Mountains high by Delirious? - this song reminds me of my dear friend Peter Scott, even as I write this my eyes well up. He died a few years ago and we miss him terribly; but this song reminds of the sadness of this, the hope of the better place he is right now and The One who helps us through this life.

What songs get you?

Tuesday, 27 September 2011

The Other Thomas Brother...

...is taller than me.
Fitter than me.
Nicer than me.
Clever than me.
Does a far better job than me for a far greater cause.

And he brings a great deal of joy to my life.

I am, very proud of him. He turned out properly good which isn't surprising considering his parents, school, friendships, place of work etc.

The Sacrifices We Make For Charity

So the diet went to pieces today BUT it was in aid of nay in honour of, no wait it was to help save the world, it was possibly the greatest sacrifice since a certain someone gave up donuts.
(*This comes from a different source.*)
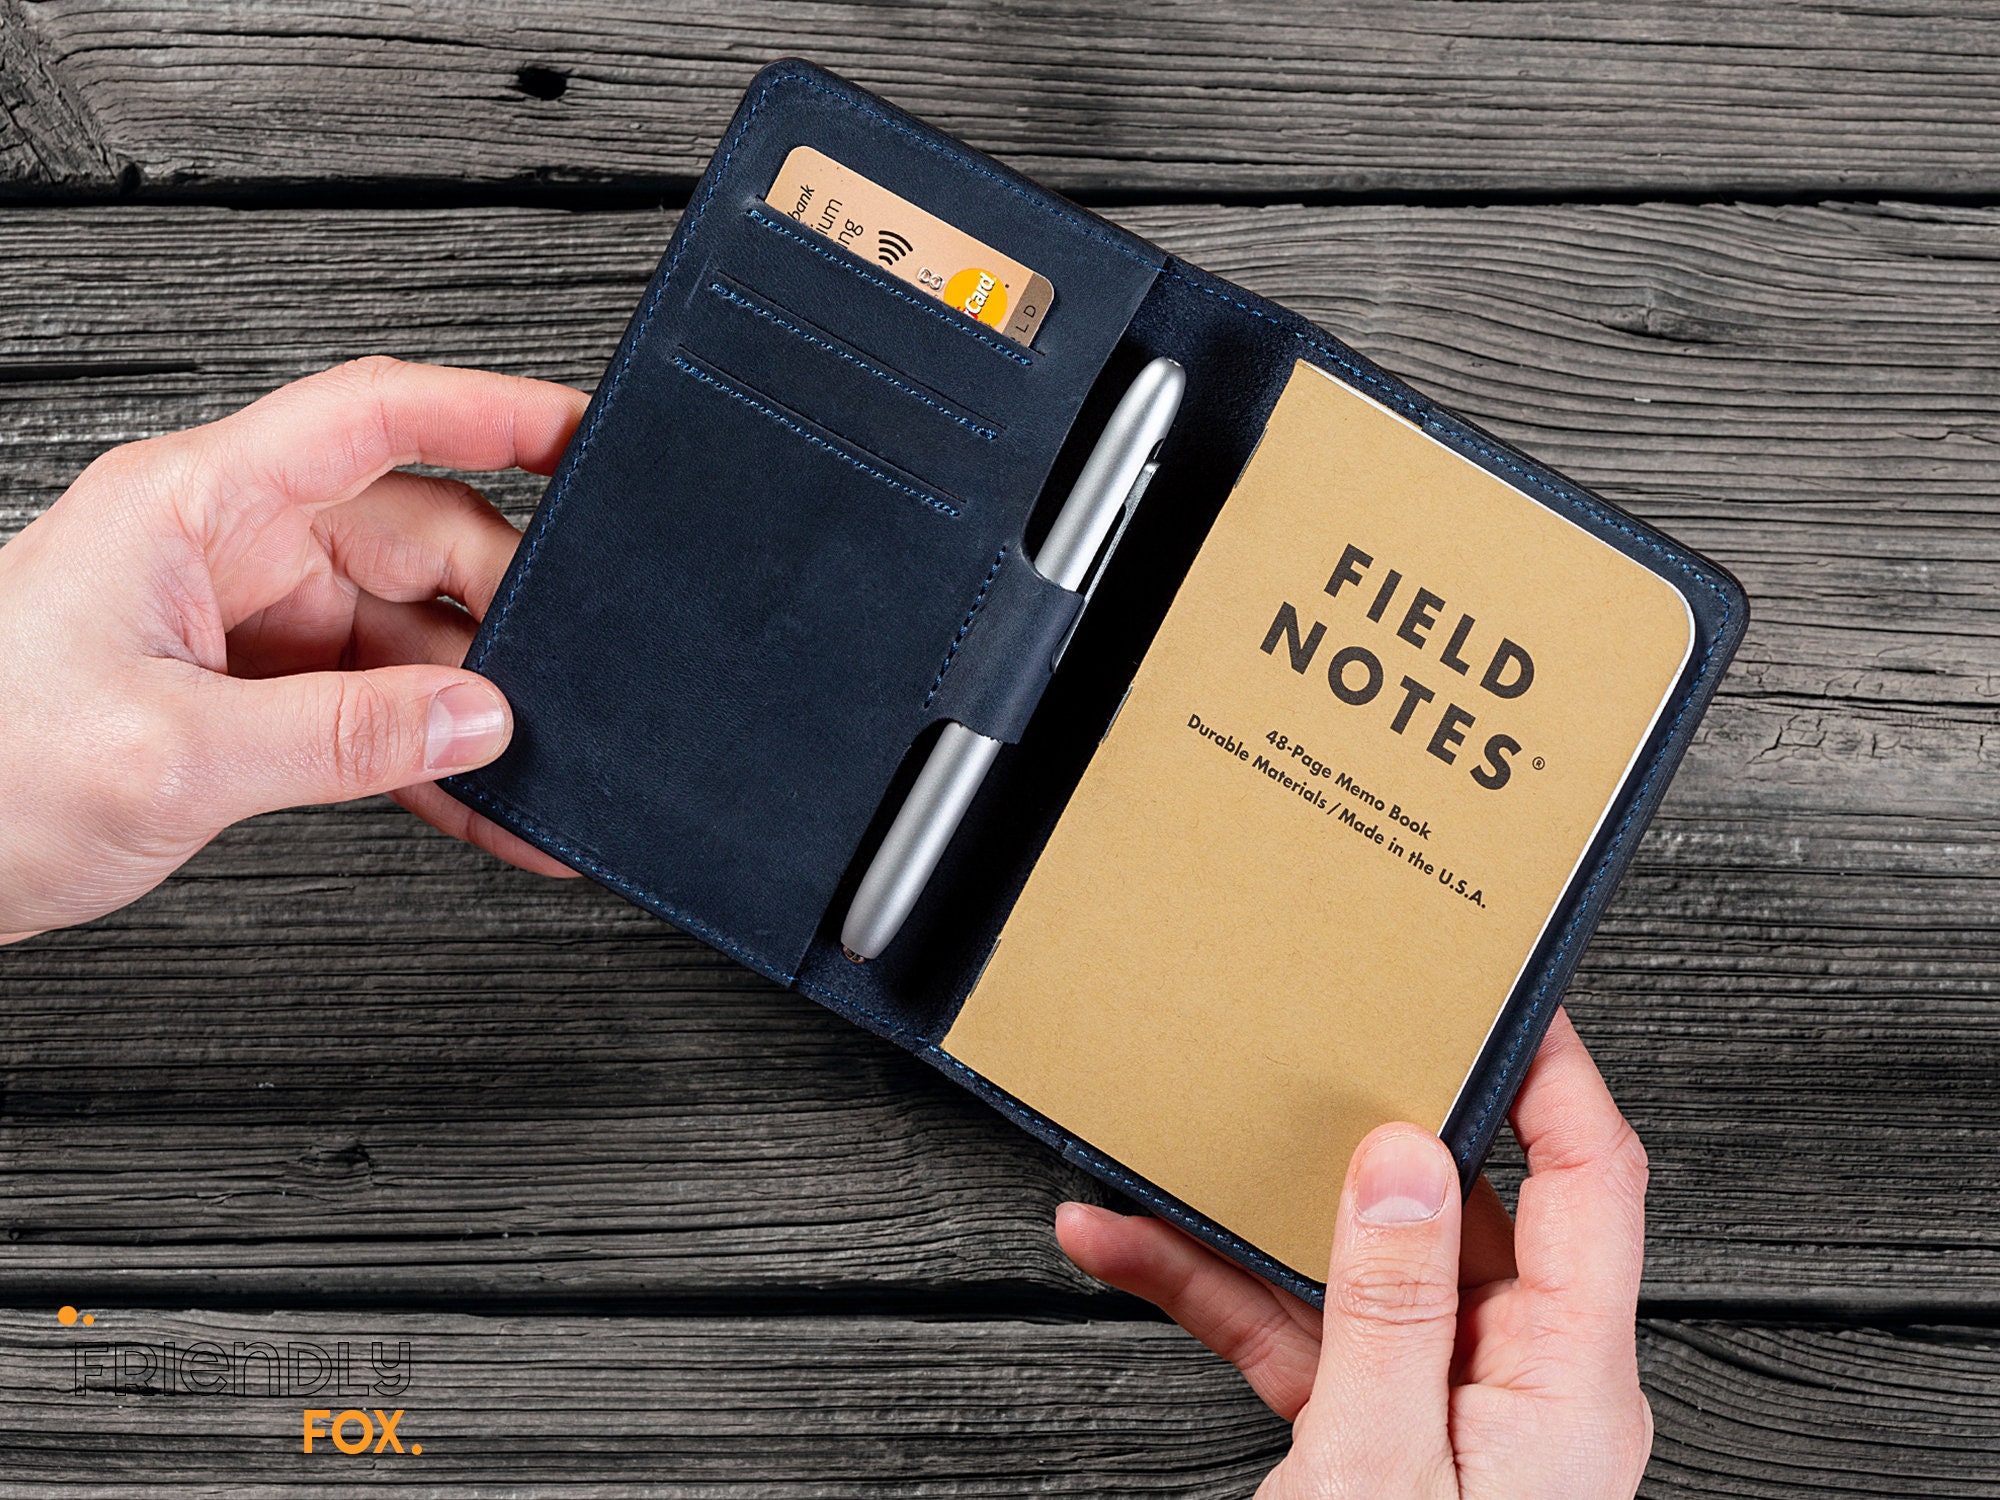 Moleskine Cahier Leather Cover Pocket With Pen Loop, Moleskine Cover XL,  Personalized Refillable Journal, Field Notes Cover Leather 
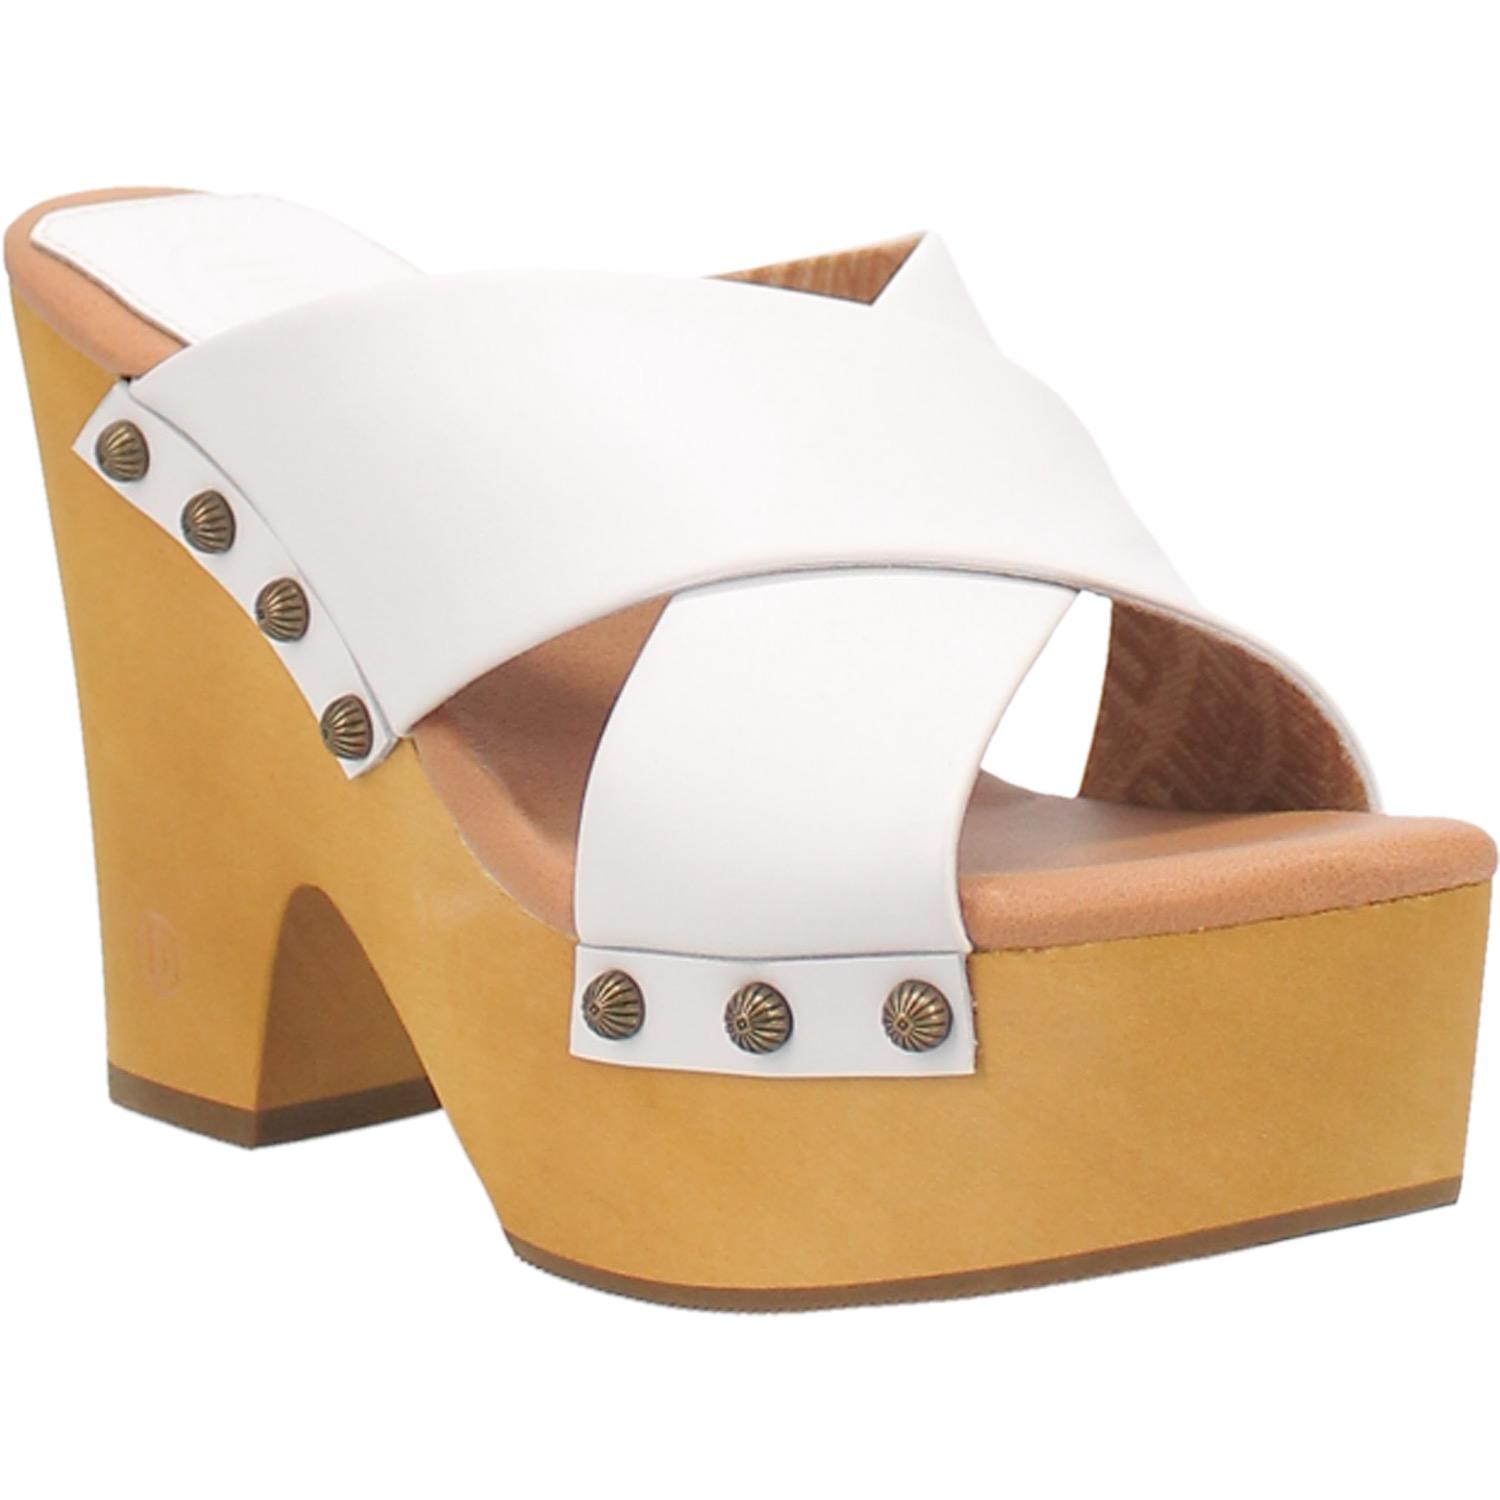 A chunky heeled sandal with two white crossed straps that are fastened in place with round studs. Item is pictured on a plain white background

Ok I exaggerate in a hopefully vainless attempt at a laugh.

The glee club at work decided to partake in the Macmillan Coffee Morning, they enticed unsuspecting* workers to bake cakes and then buy tickets for a raffle/pay a pound for a slice of cake.

Three pounds later and my good intentions were blown away by the collective good intentions. So I have sacrificed my waistline for the greater good of humanity. Someone bake me a cake as I didn't win anything in the raffle!

*unsuspecting as only a handful of people at work know about the diet and I don't have the profile or clout to arrange a 'eat healthy and give money to charity' event!

Tuesday, 20 September 2011

Oh What A Martyr I Am

Not really...

Or perhaps maybe...

No, definitely not; although I do need to be careful that I don't turn into a broken record with my 'I'm not snacking between meals so I can't eat chocolate' schtick. I suspect that it might quickly become tres annoying to those nearest and dearest too me!

My darling wife amusingly said to me last night, 'ignore what I'm about to do'. This is quite difficult for me at the best of times, and in this instance I failed quite badly and stared at her with the gawky look of an awkward teenager meeting a supermodel in the flesh. Anyways, the long and short of it was that I ignored my wife's plea and engaged in the illicit activity of eating a single white chocolate coffee truffle thing.

I shall make amends this evening by attempting to run a little bit more at football. My brother in law; not inaccurately, suggested that us Thomas boys are not known for our defending. My father in law took it one step further and suggested I was a goal hanger.

They may have a legitimate claim, however as last week's game finished in a draw and I scored half my team's goals I thought it was probably an ok thing. And for the record the other Thomas brother is significantly better and fitter than me and probably defends better too. He certainly scores more goals at the moment - this may be down to the fact that my stomach is holding me back!

Monday, 19 September 2011

Is It Better To Be Proved Right Or For People To Actually Change/Good Things Happen?

Been pondering for a while now about my attitude to various things and the inequalities in my little world. Am I more concerned about being proved right or do I want to see people grow and change? Do I want to be proved right or can good things happen?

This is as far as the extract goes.